図3.主成分得点と養育環境要因の関連(3歳)養育態度と環境要因の関連は、P<0.05の有意差の認められたものを*で示した
4.まとめ

 小児の心身の健康の中で、発達全般の状況と養育環境要因との関連について検討した結果を図示すると図3のようになる。本研究では、まず、養育態度と発達や健康との関連が明らかになり、良好な養育態度は、児の発達全般や健康状態に促進的に働くことがわかった。この養育態度に影響を与えている要因としては、昼間の保育者や家族形態、母親の健康状態、託児の状況などであった。特に、託児の状況は年齢によって影響の仕方が異なっており、3歳以前で保育所の場合はポジティブな養育態度のものの割合が多く、3歳以降は逆の影響が認められた。

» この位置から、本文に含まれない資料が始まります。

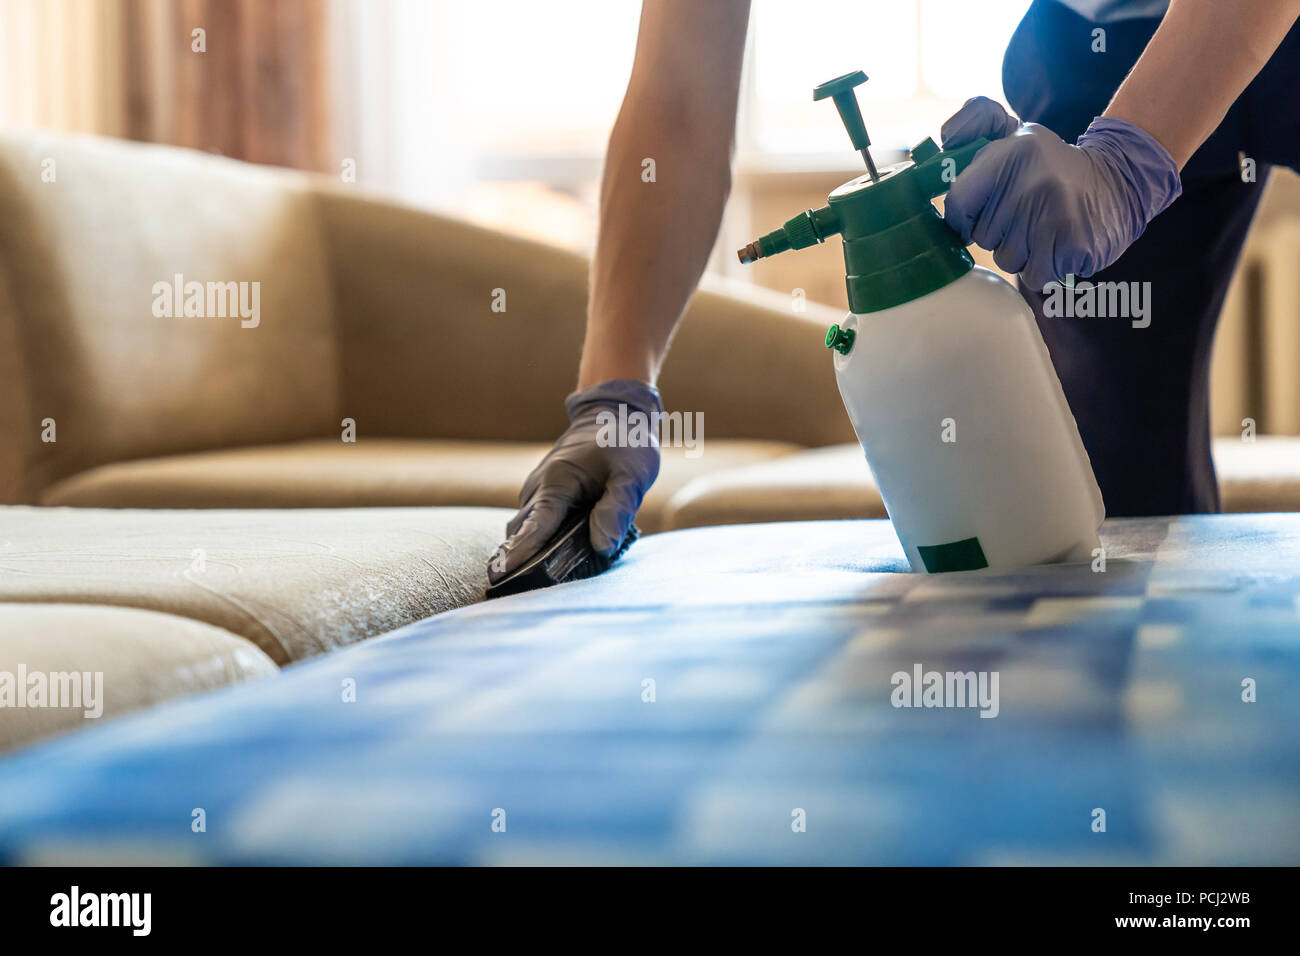 Acercamiento de sofás tapizados limpieza química Foto de stock

 12の環境要因の中では、発達や生活習慣の自立面に対して、母親の健康状態や友達の有無の影響力が大きいことが示唆された。託児の状況も年齢による関与の仕方の違いがあるものの、比較的影響力が強く、3歳までは幼稚園や保育所における施設保育が子どもの発達や自立にとって促進的であることがわかった。反対に、5-6歳では、保育所での保育や、母親の就労はネガティブな影響を与えていた。健康面に対して影響を及ぼしていると考えられる環境要因は、母親の年齢、きょうだい関係、母親の健康状態、母親の就労などであり、母親の年齢が20代以下の場合や母親が健康でない場合に子どもの健康状態が良好でない傾向が認められた。きょうだい関係は、ひとりっ子や長子の場合に習癖等の有訴率が高く、中間子や末子では感染症の罹患率が高かった。母親が就労している場合は、感染症やう歯の罹患率や入院・事故の既往率が高かった。

審査要旨

 本研究は、保護者の養育態度も含めた、子どもを取りまく養育環境が発達や健康に及ぼす影響について全国レベルでの検討を行うことを目的に、平成2年に実施された全国調査である幼児健康度調査の調査結果の分析を行ったものである。その結果、下記の結果を得ている。

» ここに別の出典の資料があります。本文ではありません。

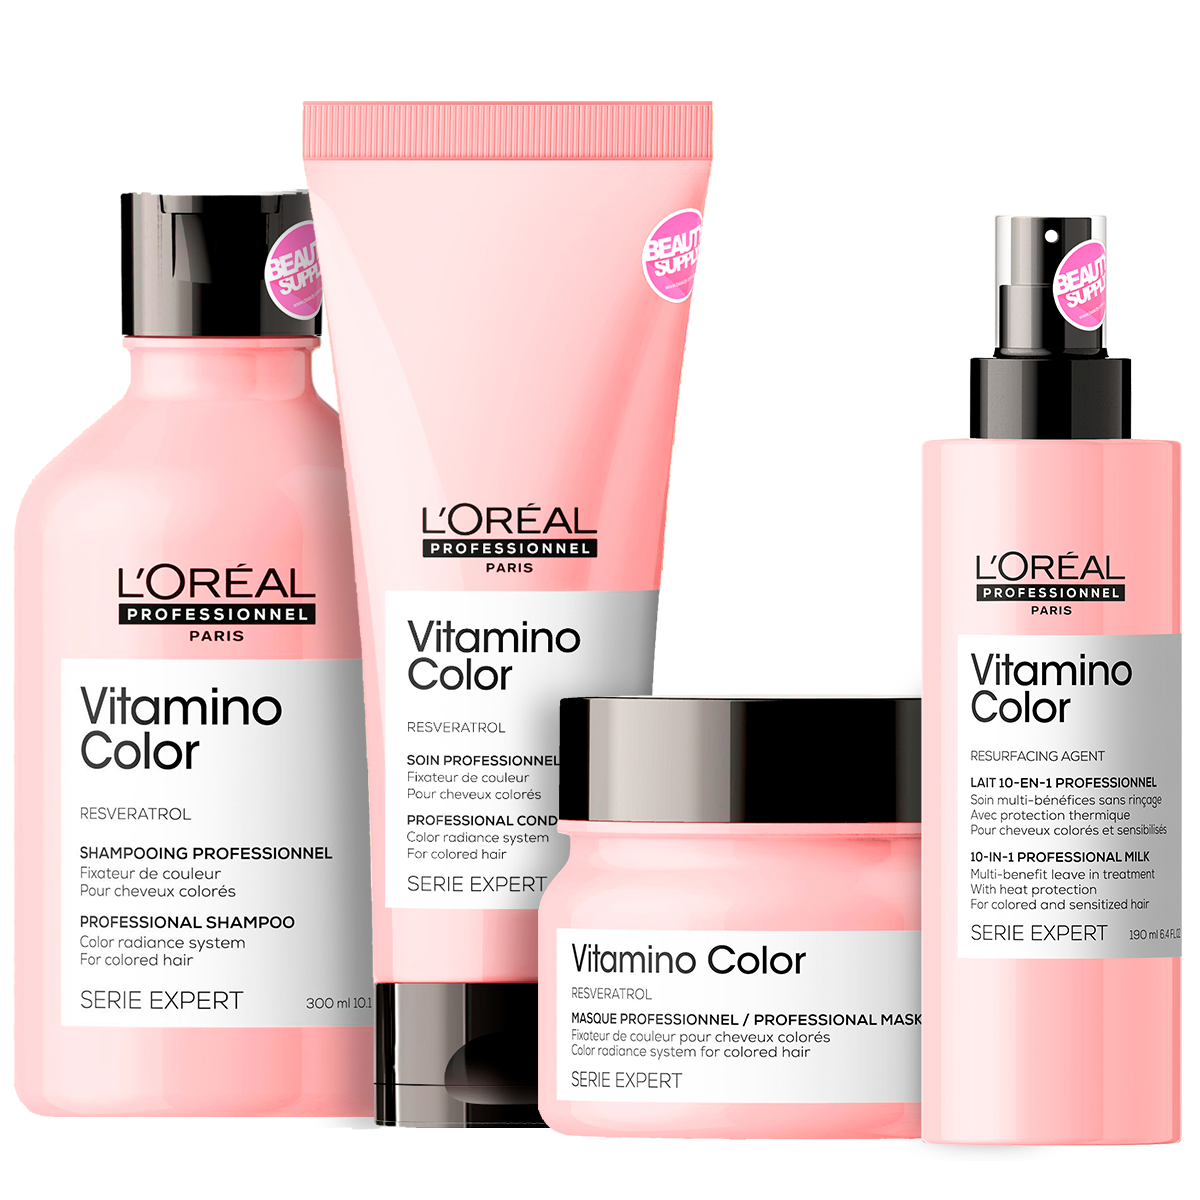 Pack Loreal Shampoo Acondicionador Mascara Vitamino Color en Beauty Supply

 1.保護者の養育態度と発達との関連をみるため、養育態度と個々の発達項目の分析、および主成分得点を用いて比較を行った結果、良好な養育態度は児の発達全般に促進的に働くことがわかった。一方、3歳および5-6歳の粗大運動発達を示す指標(第2主成分)については、良好な養育態度と負の関連が認められた。

 2.養育態度の健康面への影響では、良好な養育態度の場合は、問題行動や習癖の有訴率が低く、入院や事故および疾患の既往が少ないことが明らかになった。

 3.養育態度はそれぞれ相互によく関連していた。

 4.養育態度に影響を与えている要因としては、昼間の保育者や家族形態、母親の健康状態、母親の就労および託児の状況などであり、全般に昼間の保育者が母親の場合、核家族の場合、母親が心身健康な場合、母親が無職の場合に良好な養育態度である割合が高かった。託児の状況は年齢によって養育態度への影響の仕方が異なっており、3歳以下の場合は保育所で託児されている場合にポジティブな養育態度のものの割合が多いのに対し、3歳以降は逆の影響が認められた。

 5.環境要因と発達との関連を検討した結果、12の環境要因の中では、母親の健康状態と友達の有無の発達への影響力が大きく、母親が心身健康な場合および一緒に遊ぶ友達がいる場合に発達が良好であることが示唆された。託児の状況は、年齢による関与の仕方の違いがあるものの、発達への影響力が比較的大きく、3歳までは保育所や幼稚園における施設保育が子どもの発達や生活習慣の自立にとって促進的であることがわかった。反対に、5-6歳では、保育所での保育や、母親の就労はネガティブな影響を与えていた。

 6.健康面に対して影響を及ぼしていると考えられる環境要因は、母親の年齢、きょうだい関係、母親の健康状態、母親の就労などであり、母親が20代以の場合、母親が健康でない場合、母親が有職の場合に、健康状態が良好ではないものの割合が高かった。きょうだい関係では、習癖等の有訴率はひとりっ子や長子において高く、感染症の既往率は末子や中間子で高かった。

 以上、本論文は保護者の養育態度を含めた養育環境の小児の発達や健康に及ぼす影響および養育態度に関連する諸背景要因を全国規模で調査した結果であり、得られた知見は、現在の変動的社会情勢に対応した母子保健のあり方を検討する上で重要な示唆を提供している。

 本論文の意義については、審査員全員が高く評価しており、学位授与に値するものと判断した。